§ **Work item**
The reply is a verbatim copy of the listing below with its images dropped.

§ **Data segment**
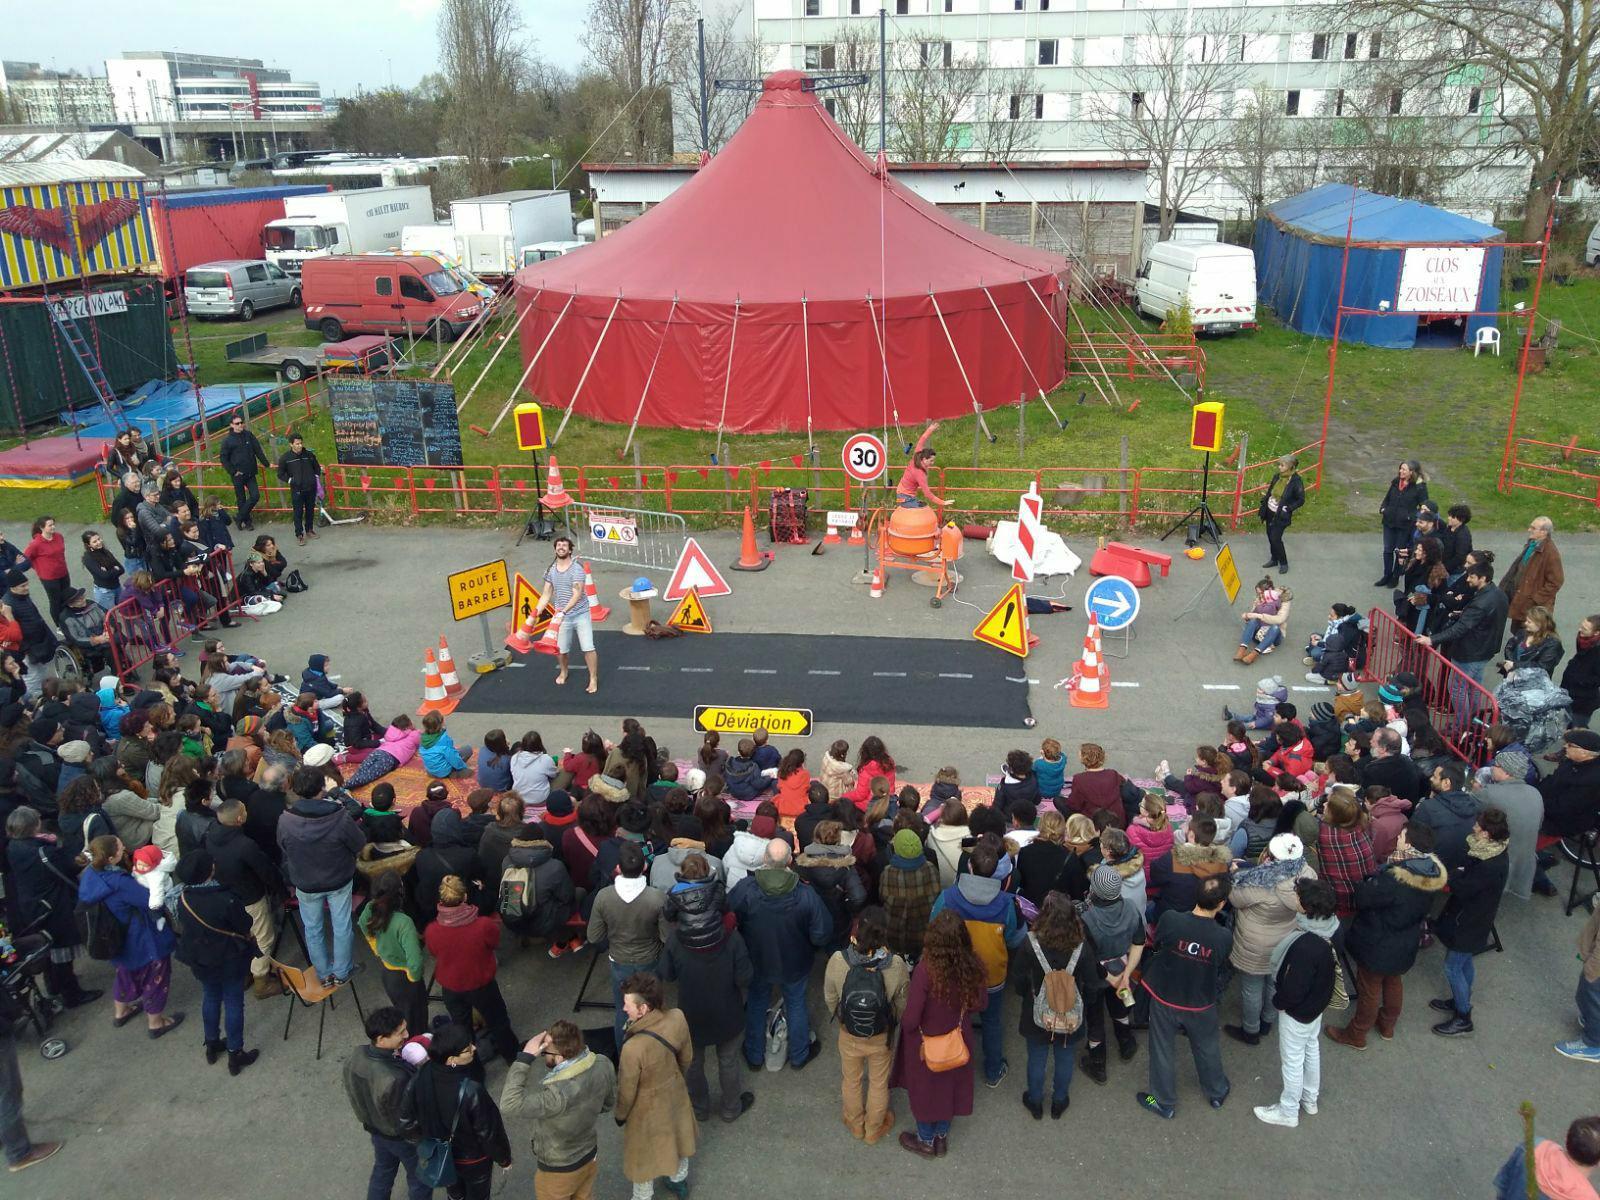 Les Noctambules - Nanterre - Avril 2018
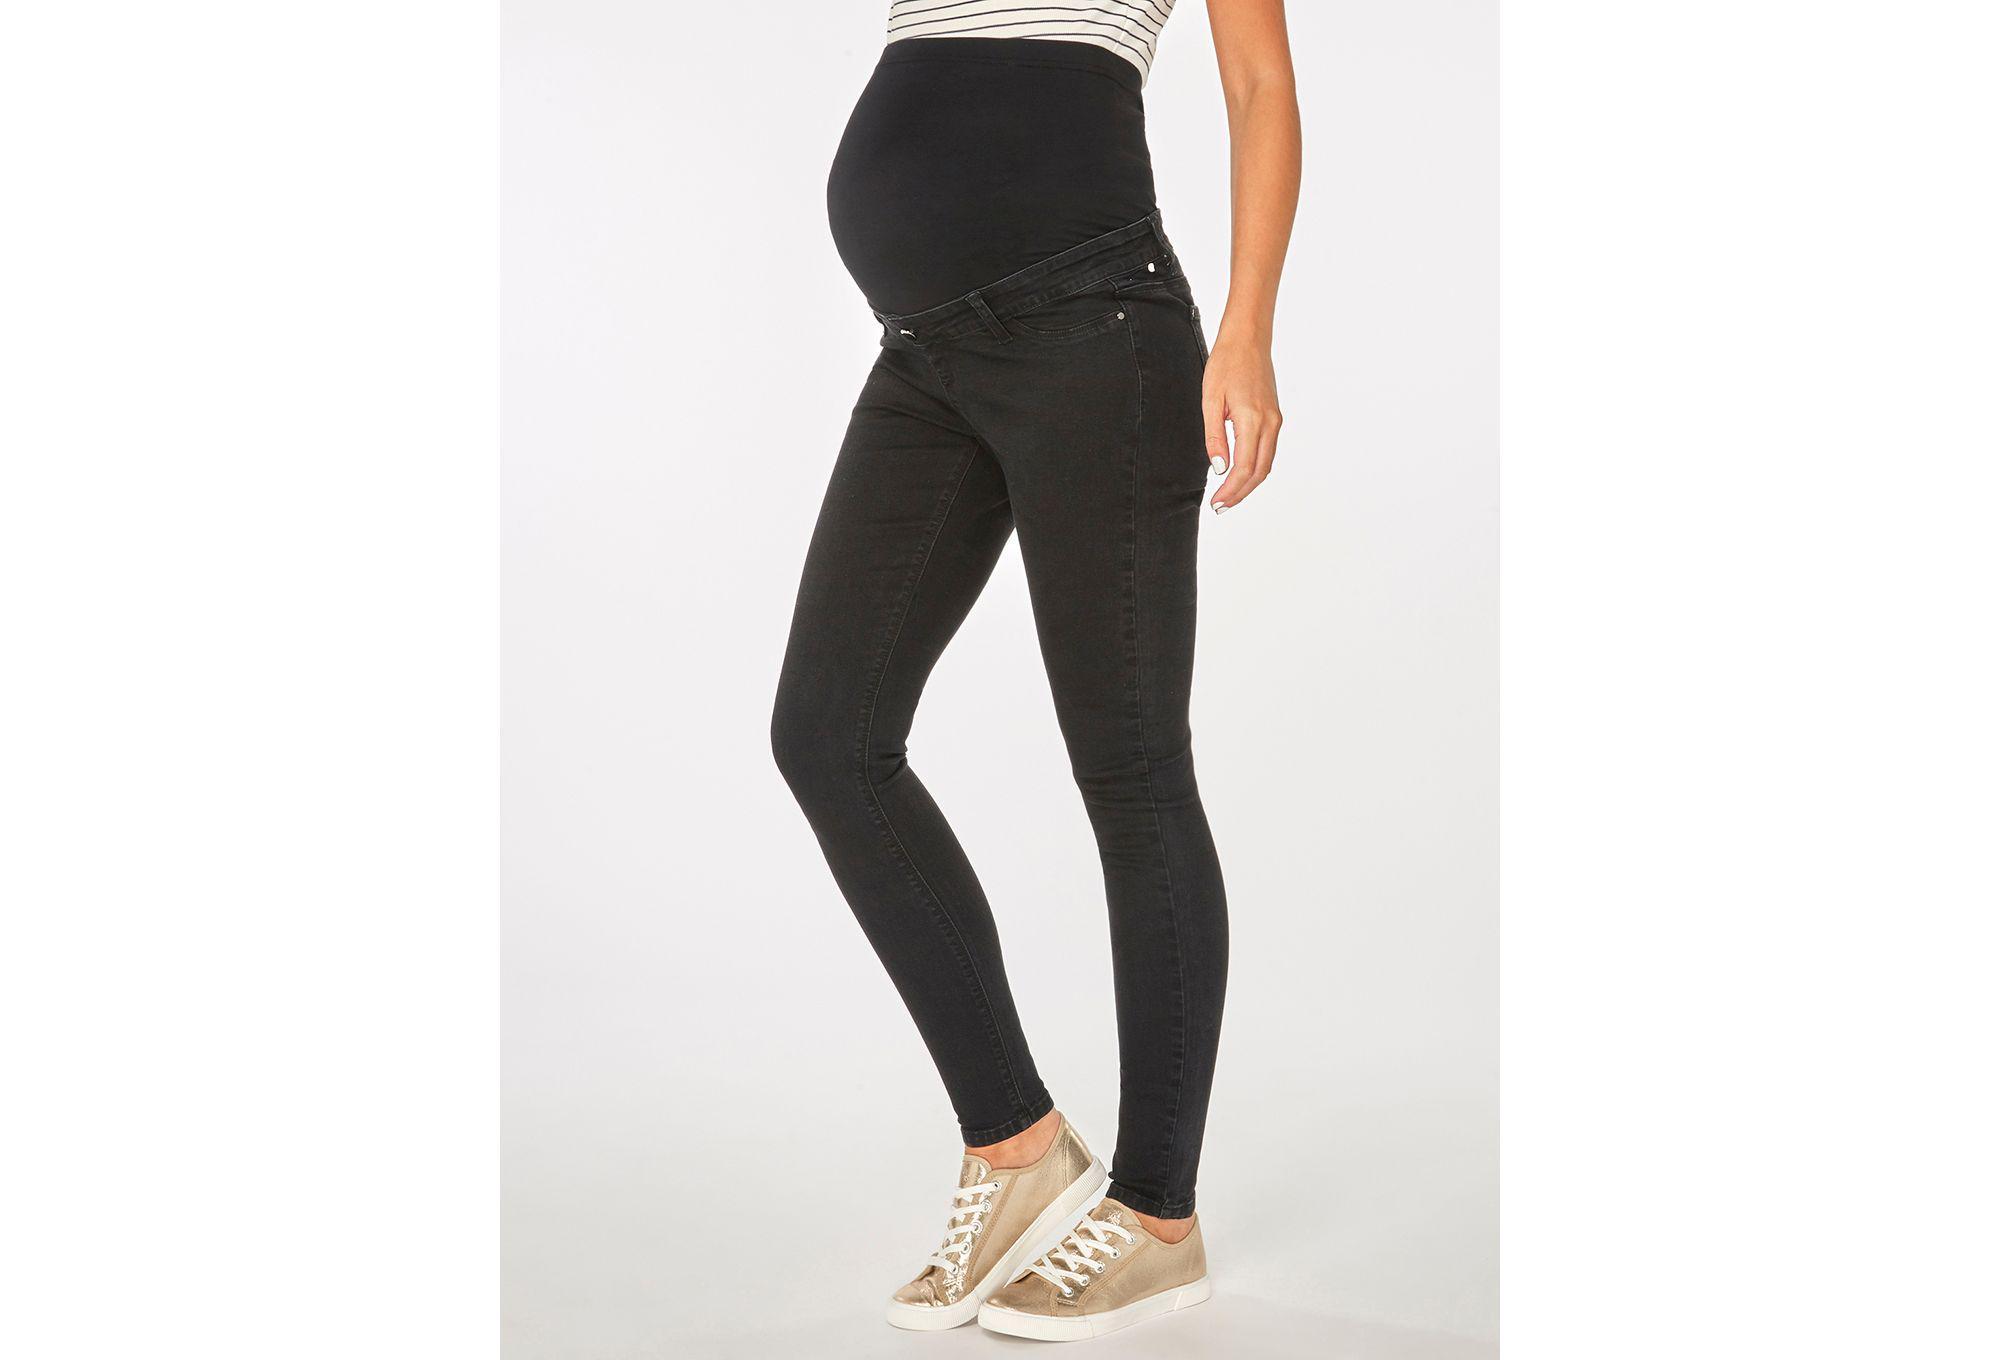 a4c4d2cf9af83 Dorothy Perkins Maternity Black Darcy Ankle Grazer Jeans in Black - Lyst
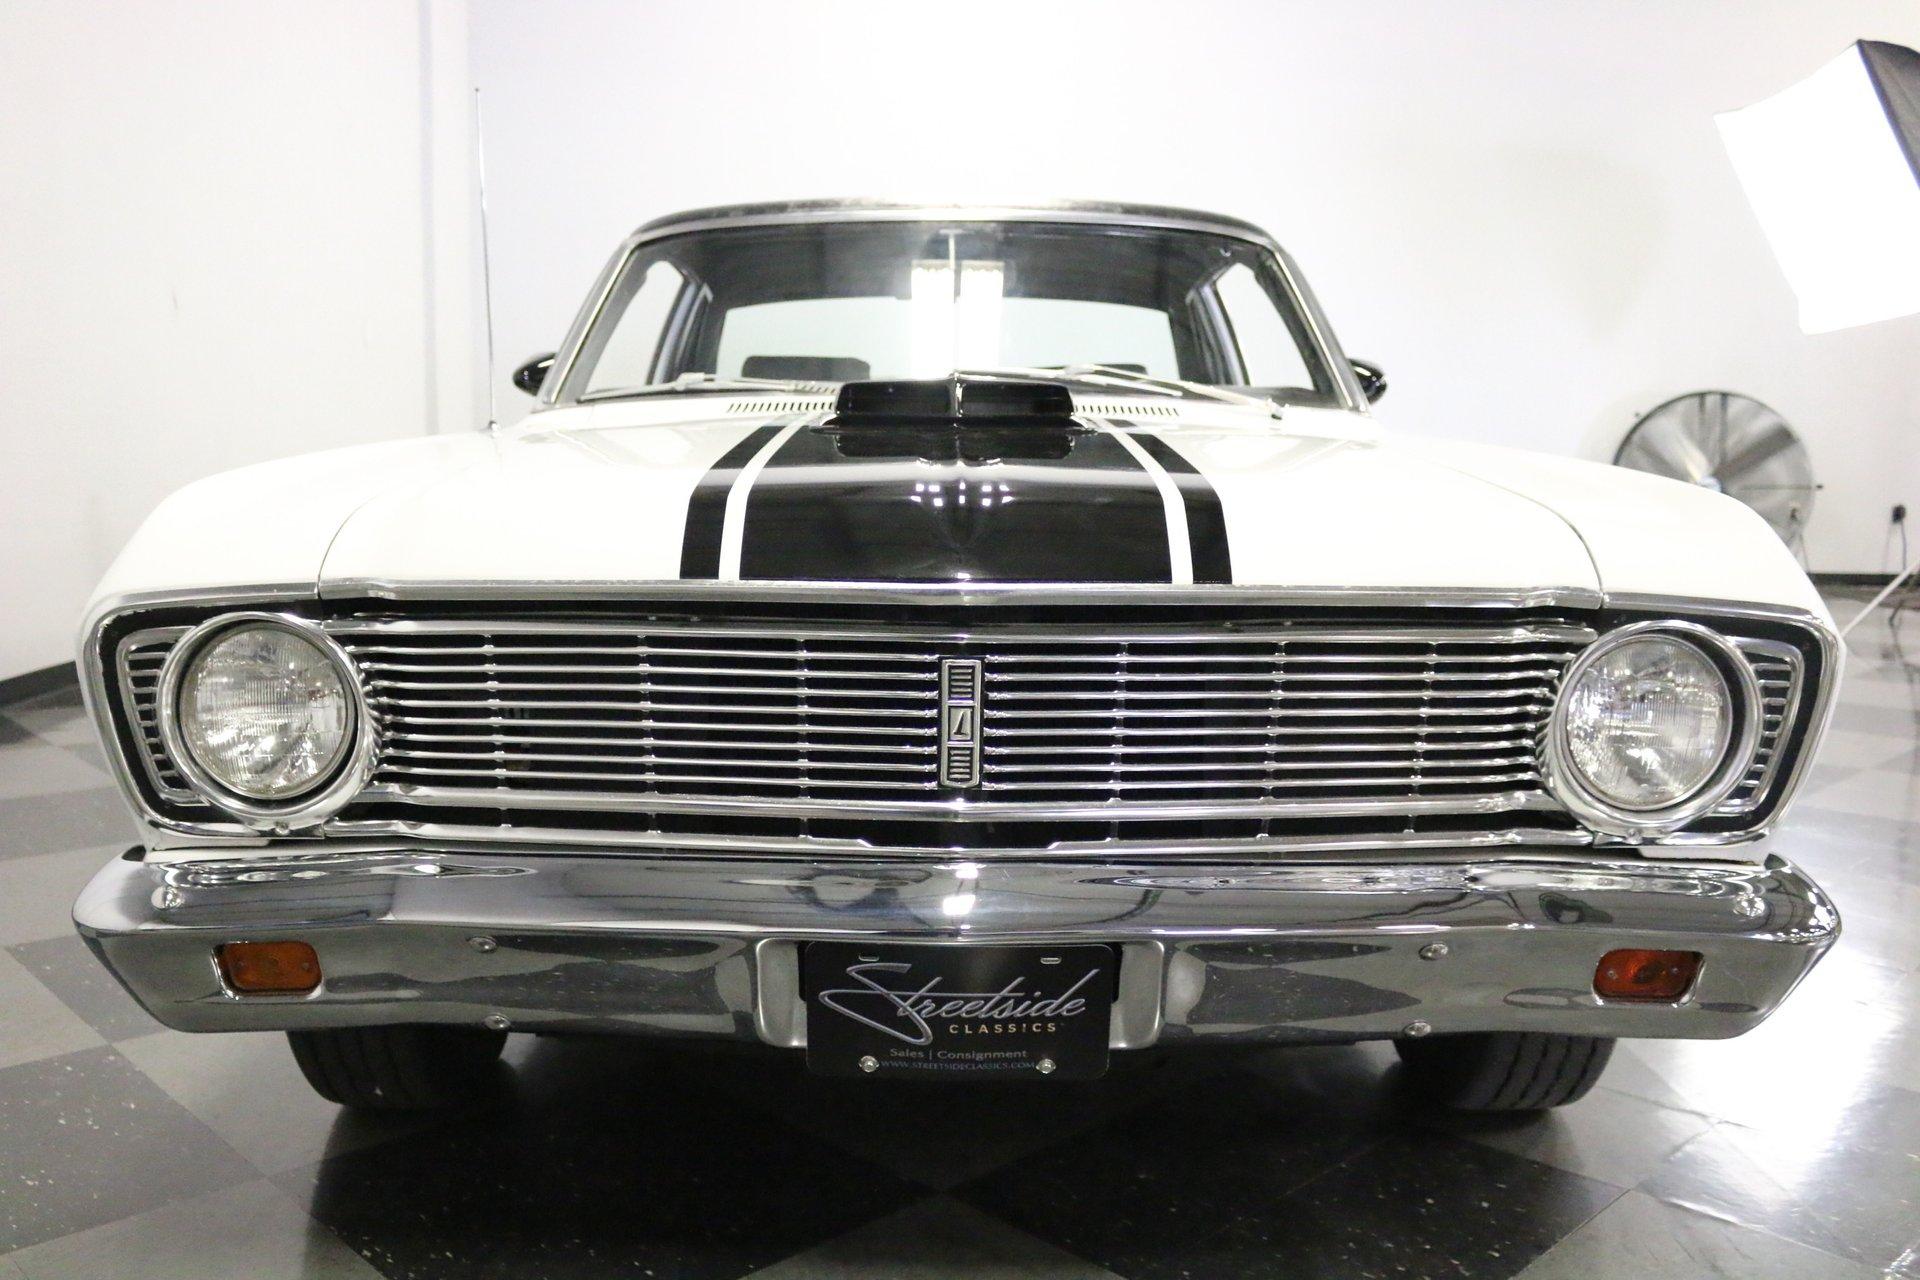 1966 Ford Falcon | Streetside Classics - The Nation's

§ **Exercise output**
 Les Noctambules - Nanterre - Avril 2018
 a4c4d2cf9af83 Dorothy Perkins Maternity Black Darcy Ankle Grazer Jeans in Black - Lyst
 1966 Ford Falcon | Streetside Classics - The Nation's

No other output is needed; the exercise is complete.